Chapter 50: Ping

I picked up a ring today, and after thinking about it, I didn't understand the implications, and because my brain was messed up recently, I gave up decisively and didn't wear it.

Nothing else, it's just that I miss Xiao Junjun a lot, I'm fine, in fact, my current situation is not very good, I'm old, I don't have a job, I don't have a partner.

But when I think of Xiao Junjun, my mood improves.

I like to stay quietly next to Junjun, or Junjun quietly stay next to me.

Although it is difficult, whether it is an exam or a job, it is all difficult, but when I think about Xiao Junjun, I feel that I will get better.

Xiao Junjun is the most suitable person I have met in my life, and I think I must be the most suitable person for him.

I think he is so good, he is very handsome, and when he is handsome, he is generally very impetuous, or very weird, or very arrogant, but Xiao Junjun, not at all, he is handsome, his personality is so good, very gentle, and very down-to-earth.

That is, when you see him, you will feel that everything will get better, he will work hard, he will get better and better, and nothing bad will happen to him, just feel relieved to see him.

My mother once asked me, "Do you like the kind that is smaller and can hold him?" ”

I thought about it, no.

In fact, it really doesn't matter to me whether I hold each other or the other party holds me.

Perhaps, I just like to be with each other, whether it's quiet, doing nothing, or finding something to talk about and laugh about.

Or just see Xiao Junjun sitting quietly next to me, I do something to attract his attention, whether he is angry or happy, he thinks it will be beautiful.

Those are all formalities, in fact, it's good to be with the person you like.

Of course it's better to hug or something, and I don't want to just or always just sit side by side and touch.

Or, accidentally walking and bumping into something.

Recently, I've been reading books, preparing for exams, and getting a compilation.

In fact, it is extremely unlikely that I will be admitted to this exam, and of course I am not particularly enthusiastic about this exam.

But it's still good to review for the guò exam.

While reading history, I was reviewing mathematics, physics, and chemistry.

Physics has been reviewed once, the situation is slightly better, mathematics is a difficult point, it is estimated that it will not be a few months, and it will not be effective.

It's hard to learn dozens of pages every day, but occasionally I think about the day I got a job, and then I went to see Xiao Junjun very decently, and I feel less uncomfortable.

Maybe Junjun won't like me.

However, I don't think about it.

I want to believe that he will fall in love with me, and then it will be so good.

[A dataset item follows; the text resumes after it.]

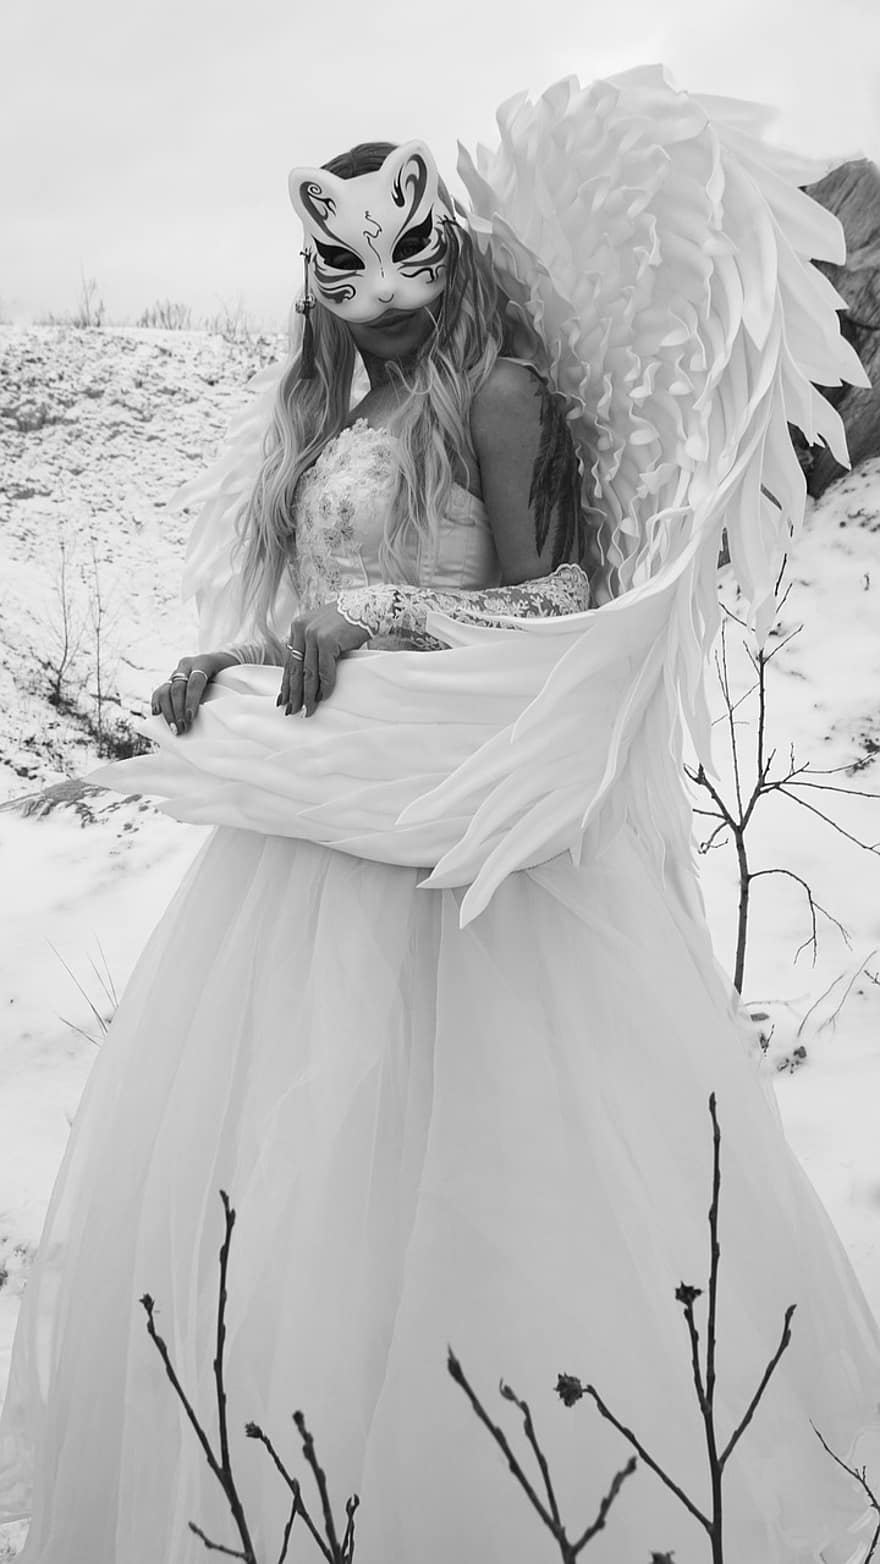 костюм, женщина, крылья, платье, маскировать, история, фантастика, мистический, зима, снег

We will live well, calm and beautiful, warm and happy.

Then, we will have our baby, and we will also encounter all kinds of small problems in growth, but we will work together to get better and better.

We are blessed and fulfilled because we have each other.

Life is simple and happy.

In fact, sometimes I find that saving money is really one of the great joys of my life.

Sometimes, when I see a house that says to be demolished, I get excited.

Later, when I thought about it carefully, it seemed that I was more excited when I saw the fold than when I saw the split.

It seems that I was very excited to see the fold first, and then I was also excited to see something similar to the fold.

For example, when I see a 1 in front of a fold, my heart beats faster, and then I see a 7 and I have a conditioned reflex.

It's a brand similar to 1 fold that I'm very excited.

1。

5% off or something, together with seeing 7.

A 5% discount can have a similar effect.

In short, I'm okay, and I hope the future will be better.